Open bkmgit opened 1 year ago
I think what you have in mind is too early question for RedAmber, however, it is important for users to know how much scale data and what features it has compared to other data frames, thanks!
Since RedAmber is an on-memory, single-threaded, non-streaming, eager execution data frame in Ruby (a dynamic language). It does not look like much fun compared to a data frame that is focused on scalability and execution speed.
Still, I am trying to find out how large data can be handled using https://github.com/h2oai/db-benchmark . Please let me know if you have a better data set to check scalability. (It is written in R and not convenient to use.)
The references you gave me are helpful. I would like to make a comparison chart. At this point, I can easily come up with the following:
By the way, I think the data frame library that RedAmber should be most compared to is Polars. What do you think?
Polars seems to use threads. A comparison chart would be helpful. Perhaps indicate features wish to add. Possibly compare with other data frame implementations. Arrow has flight https://github.com/apache/arrow/tree/master/ruby/red-arrow-flight and UCX can run on distributed memory, so larger datasets might be possible.
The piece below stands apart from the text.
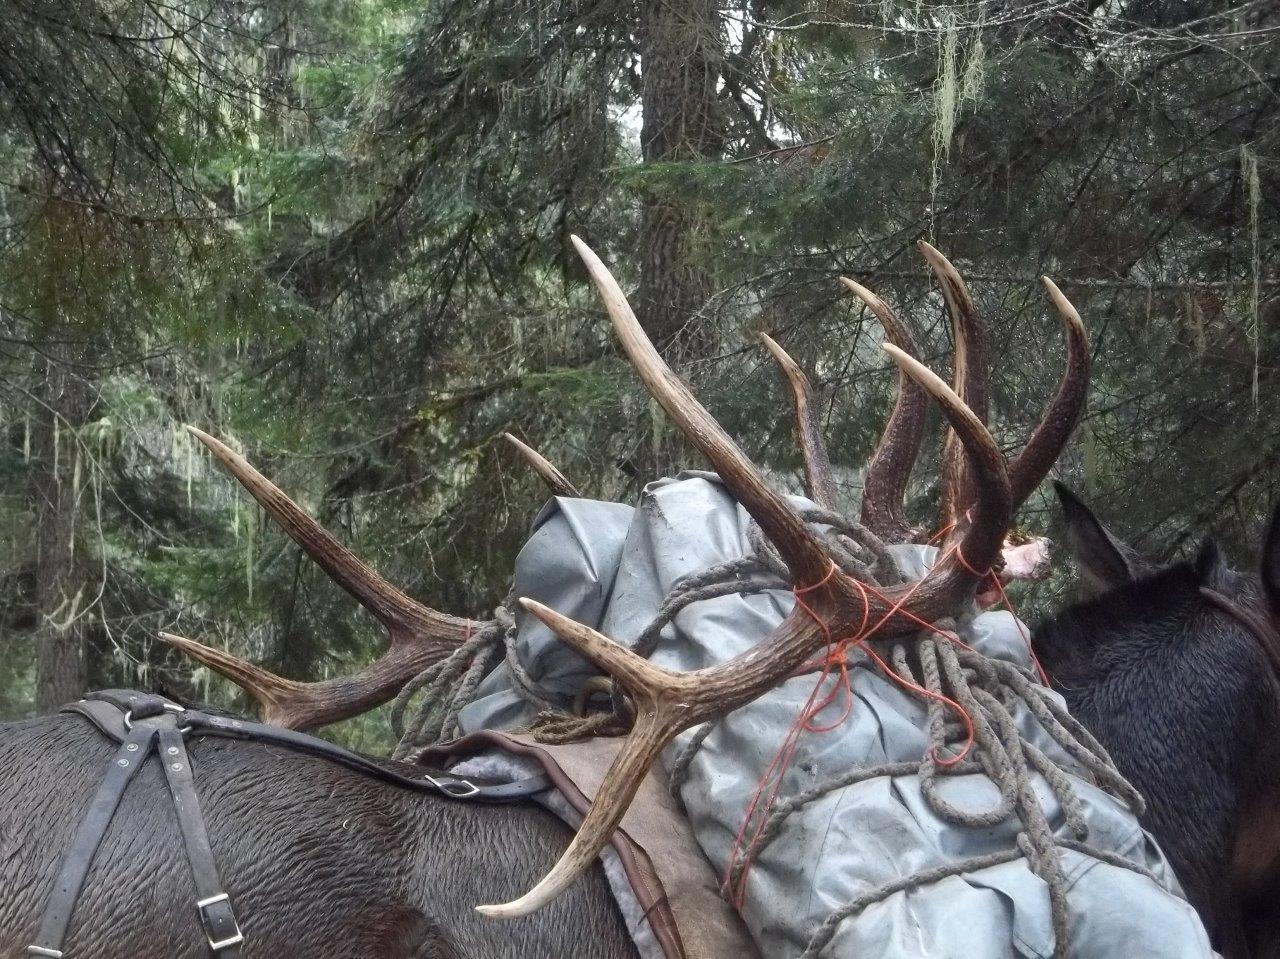 Elk-slide-on-horse566

Can add RedAmber to the db-benchmark https://github.com/h2oai/db-benchmark/issues/250 then look for larger datasets.
This is the comparison of basic feature between RedAmber and other major DataFrame libraries, comparing only for the method 'verbs' ignoring parameters and options.
Remarks:
1) dataframe
represents 2D data containers such as DataFrame
, tibble
or Table
.
2) vector
represents 1D data containers such as Vector
, Series
or Column
.
Comments or suggestions are welcome!
Features | RedAmber | tidyverse | pandas |
---|---|---|---|
Select columns as a dataframe |
pick, drop, [] | dplyr::select, dplyr::select_if | [], loc[], iloc[], drop, select_dtypes |
Select a column as a vector |
[], v | dplyr::pull | [], loc[], iloc[] |
Move columns to a new position | pick, [] | relocate | [], reindex, loc[], iloc[] |
Features | RedAmber | tidyverse | pandas |
---|---|---|---|
Select rows that meet logical criteria as a dataframe |
slice, remove, [] | dplyr::filter | [], filter, query, loc[] |
Select rows by position as a dataframe |
slice, remove, [] | dplyr::slice | iloc[], drop |
Move rows to a new position | slice, [] | dplyr::filter, dplyr::slice | reindex, loc[], iloc[] |
Features | RedAmber | tidyverse | pandas |
---|---|---|---|
Update existing columns | assign | dplyr::mutate | assign, []= |
Create new columns | assign, assign_left | dplyr::mutate | apply |
Compute new columns, drop others | new | transmute | (dfply:)transmute |
Rename columns | rename | dplyr::rename, dplyr::rename_with, purrr::set_names | rename, set_axis |
Sort dataframe | sort | dplyr::arrange | sort_values |
Features | RedAmber | tidyverse | pandas |
---|---|---|---|
Gather columns into rows (create a longer dataframe ) |
to_long | tidyr::pivot_longer | melt |
Spread rows into columns (create a wider dataframe ) |
to_wide | tidyr::pivot_wider | pivot |
transpose a wide dataframe |
transpose | transpose, t | transpose, T |
Features | RedAmber | tidyverse | pandas |
---|---|---|---|
Grouping | group, group.summarize | dplyr::group_by %>% dplyr::summarise | groupby.agg |
Features | RedAmber | tidyverse | pandas |
---|---|---|---|
Combine additional columns | merge, bind_cols | dplyr::bind_cols | concat |
Combine additional rows | concatenate, concat, bind_rows | dplyr::bind_rows | concat |
Inner join | join, inner_join | dplyr::inner_join | merge |
Full join | join, full_join, outer_join | dplyr::full_join | merge |
Left join | join, left_join | dplyr::left_join | merge |
Right join | join, right_join | dplyr::right_join | merge |
Semi join | join, semi_join | dplyr::semi_join | [isin] |
Anti join | join, anti_join | dplyr::anti_join | [isin] |
Collect rows that appear in x or y | union | dplyr::union | merge |
Collect rows that appear in both x and y | intersect | dplyr::intersect | merge |
Collect rows that appear in x but not y | difference, setdiff | dplyr::setdiff | merge |
This is helpful. Thanks. May also want to compare with Julia where the comparison is part of the documentation.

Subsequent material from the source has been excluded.